Diabetes mellitus is not a reportable disease, even though a significant proportion of people (50% in some countries)1 suffer DM without the disease having been diagnosed. In some cases the disorder manifests with symptoms requiring emergency hospital admission, though the great majority of patients are diagnosed in primary care centers. These circumstances contribute to explaining the fact that there is no reliable systematic registry defining the number of people with DM in Spain. The many studies that have been made show some disparity in the data provided. This is due to the different methods employed (surveys, clinical analyses or secondary data exploitation), the different age cohorts investigated, and the diversity of the geographic settings analyzed. Nevertheless, on comparing studies involving the same methodological procedure and similar populations, particularly as regards the age ranges analyzed, the results obtained are consistent. All this justifies the need for further prevalence studies, in an attempt to generate increasingly precise epidemiological information.

Despite their limitations, the statistics on DM offered by the official organisms can give us a good idea of the epidemiology of the disease. The present study represents an attempt both to gather the most current general and specific data referring to the prevalence of DM in Spain with a view to analyzing its course, and to describe the relationships among the principal variables determining the disease. Our working hypothesis is that there is a tendency toward stabilization of the increase in DM seen in the past decades in Spain.

The World Health Organization (WHO) estimated a worldwide prevalence of DM of 3% in the year 2002, representing approximately 170 million affected people.2 Moreover, at that time the experts warned that this figure would be more than double by the year 2025. Much of this increase would come from developing countries as a result of factors such as a growing or aging population, unhealthy eating habits, obesity and sedentary lifestyles. Likewise, it was noted that differences based on the degree of development of the country would be reflected in the affected age groups. Accordingly, by the year 2025 the industrialized countries would have the largest number of affected individuals in the over 65 age group. By contrast, in the developing countries the most affected group would correspond to those individuals between 45 and 65 years of age. This would have a considerable socioeconomic impact, since this is precisely the most productive age group. Today these predicted figures have been clearly exceeded, and the WHO now reports 422 million people with DM worldwide.3 Furthermore, according to these sources, the future perspectives are also a cause for concern: in a single year, 16 million additional people throughout the world are expected to develop the disease.

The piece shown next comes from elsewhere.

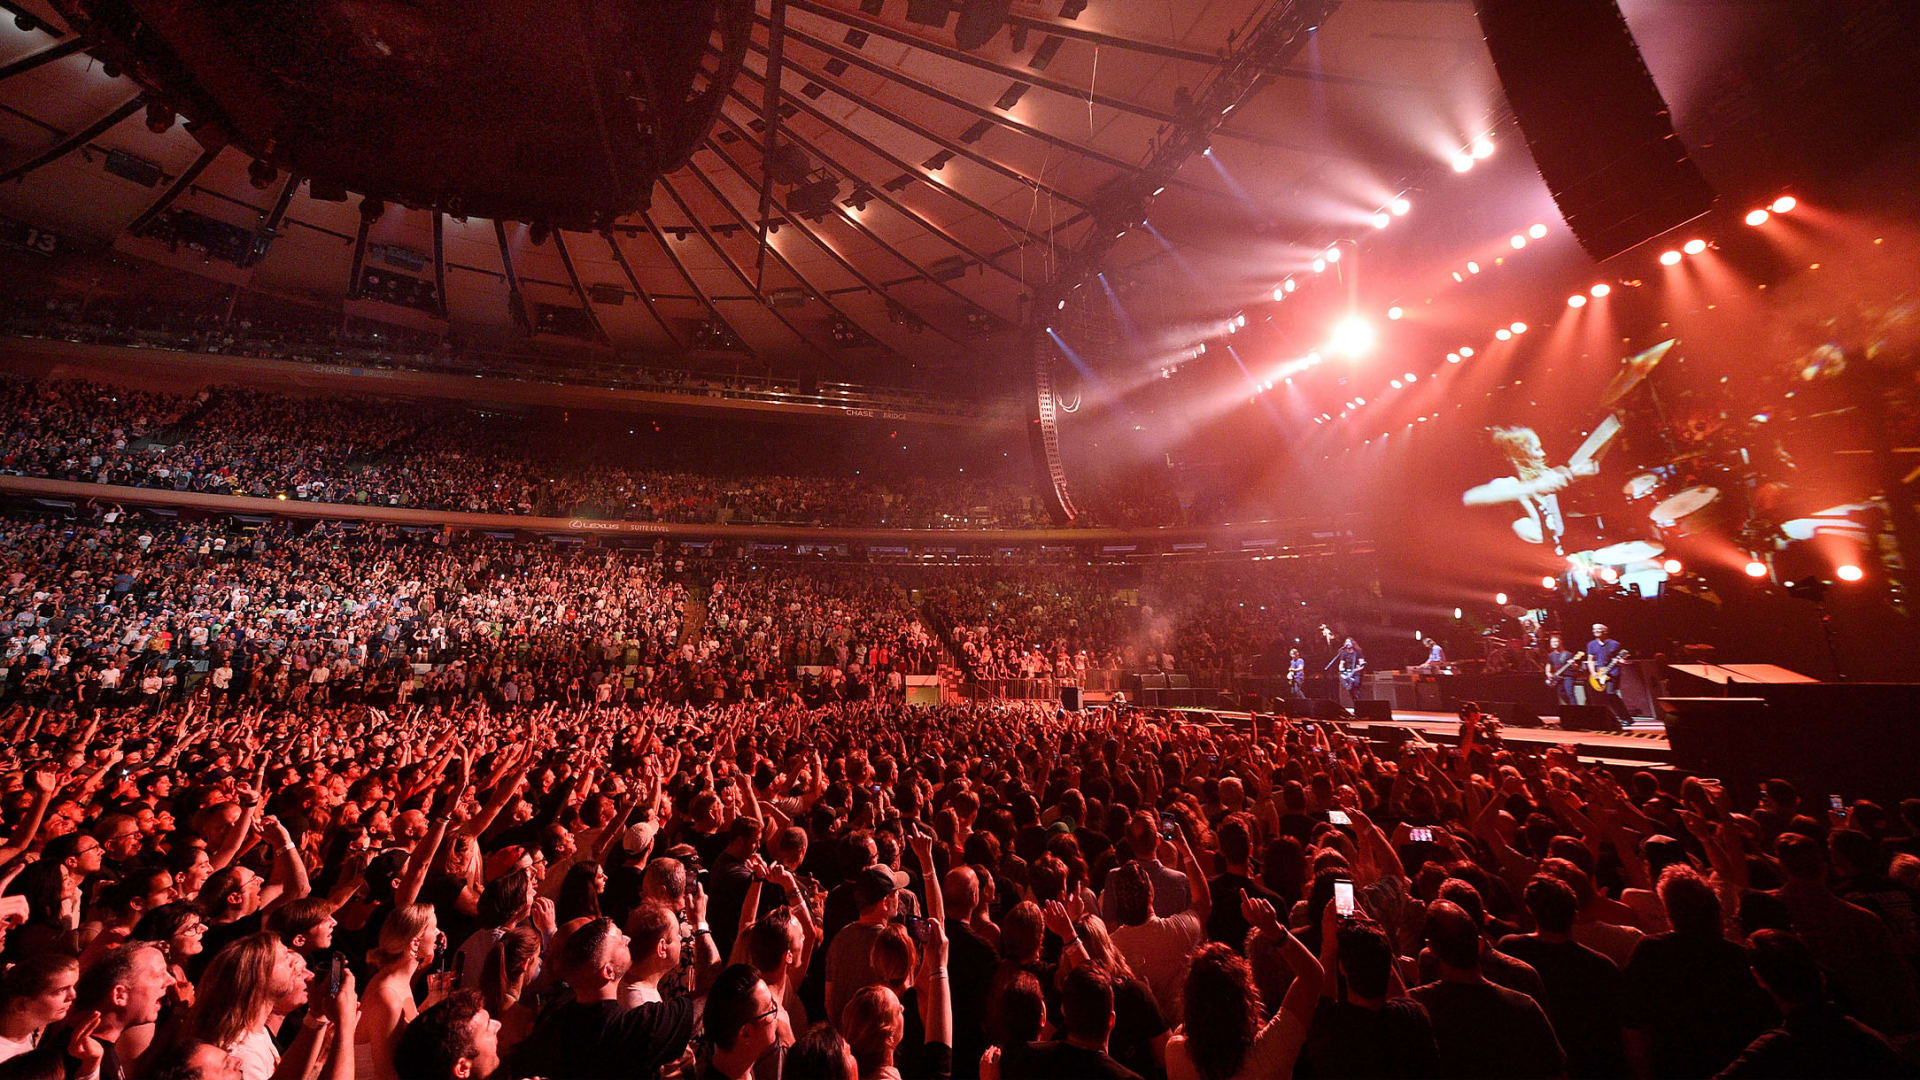 The Foo Fighters reopen Madison Square Garden on June 20, 2021, in New York City. The concert, with all attendees vaccinated, is the first in a New York arena to be held at full capacity since March 2020, when the pandemic led to the closure of live performance venues.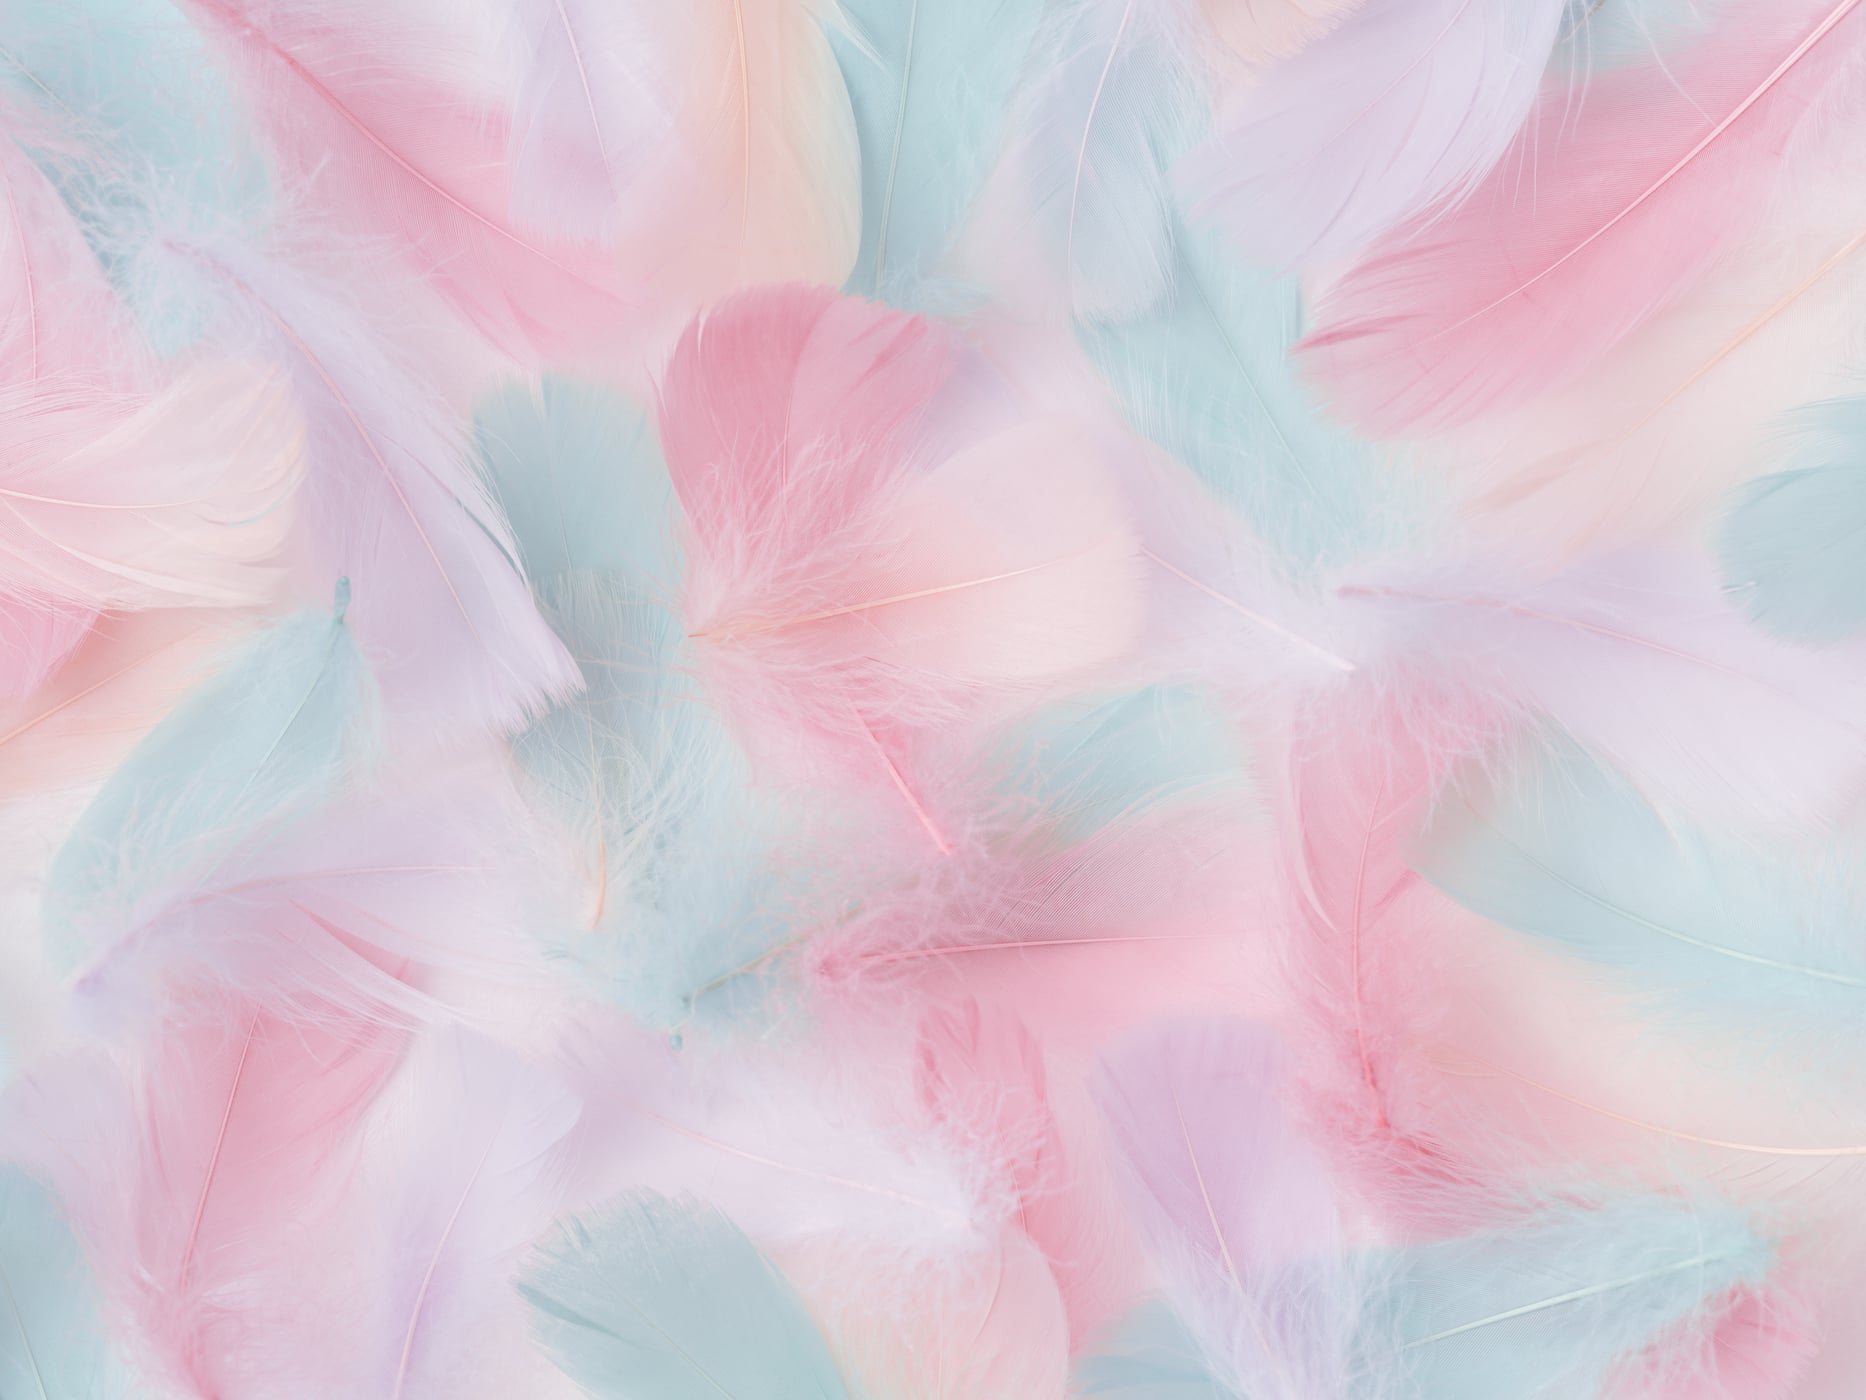 407 megapixels! A very high resolution, large-format VAST photo print of colorful feathers in pastel colors; still life photograph created by Assaf Frank.

The most approximate systematic estimate of the prevalence of DM in Spain is that offered by the Spanish National Health Survey/European Survey of Health in Spain (Encuesta Nacional de Salud/Encuesta Europea de Salud en España [ENS/EESE]). The most recent survey, conducted in 2014, revealed an overall prevalence in the population over 16 years of age of close to 7%. This means that over 2.5 million people (2,662,400) have DM in Spain, a figure that falls a little short of the number reported in the previous national survey.

Different studies in Spain suggest an increase in the prevalence of both type 1 DM (DM1), even in adults, and of type 2 DM (DM2) in children and adolescents.4–8 In this country, the most recent studies have reported DM1 prevalence rates ranging from 1 to 10 cases per 10,000 individuals.5,9–11 Epidemiological studies often address the disease from a global perspective, reporting prevalence rates that make no distinction between DM1 and DM2. The most recent and relevant studies conducted in Spain describe a wide range of prevalence rates, ranging from 3 to 20% during the period between the 1990s and today.12–19

Based on a documentary review in 2006, Ruiz-Ramos et al.20 reported DM2 prevalence rates ranging from 4.8 to 18.7%, and DM1 prevalence rates ranging from 0.08 to 0.2%, indicating that the frequencies increase as population income decreases.

In 2007, and based on various health surveys, Basterra-Gortari et al.21 reported an increase in prevalence in Spain during the period 1997–2003 parallel to that seen with other associated diseases such as arterial hypertension, obesity and hypercholesterolemia. The figures proved even more significant when adjusted for gender and age, being higher in males and in individuals over 70 years of age.

Subsequently, Martínez22 described prevalence rates ranging from 6.5% in the population between 30 and 65 years of age to 16.7% among individuals between 65 and 74 years of age, and as high as 19.3% in those over 74 years of age, corresponding to the year 2007. More recently, Jiménez-Mejías23 estimated an overall prevalence of 7.1% in 2012, representing an increase over the figures seen in 2006 (6%) and 2001 (5.5%).

Such broadly varying ranges are mainly attributable to differences in the analytical methods used, and more specifically to the different cohorts examined. However, on focusing upon studies with the same methodology and identical age ranges, the results show a high level of consistency (see Appendix A).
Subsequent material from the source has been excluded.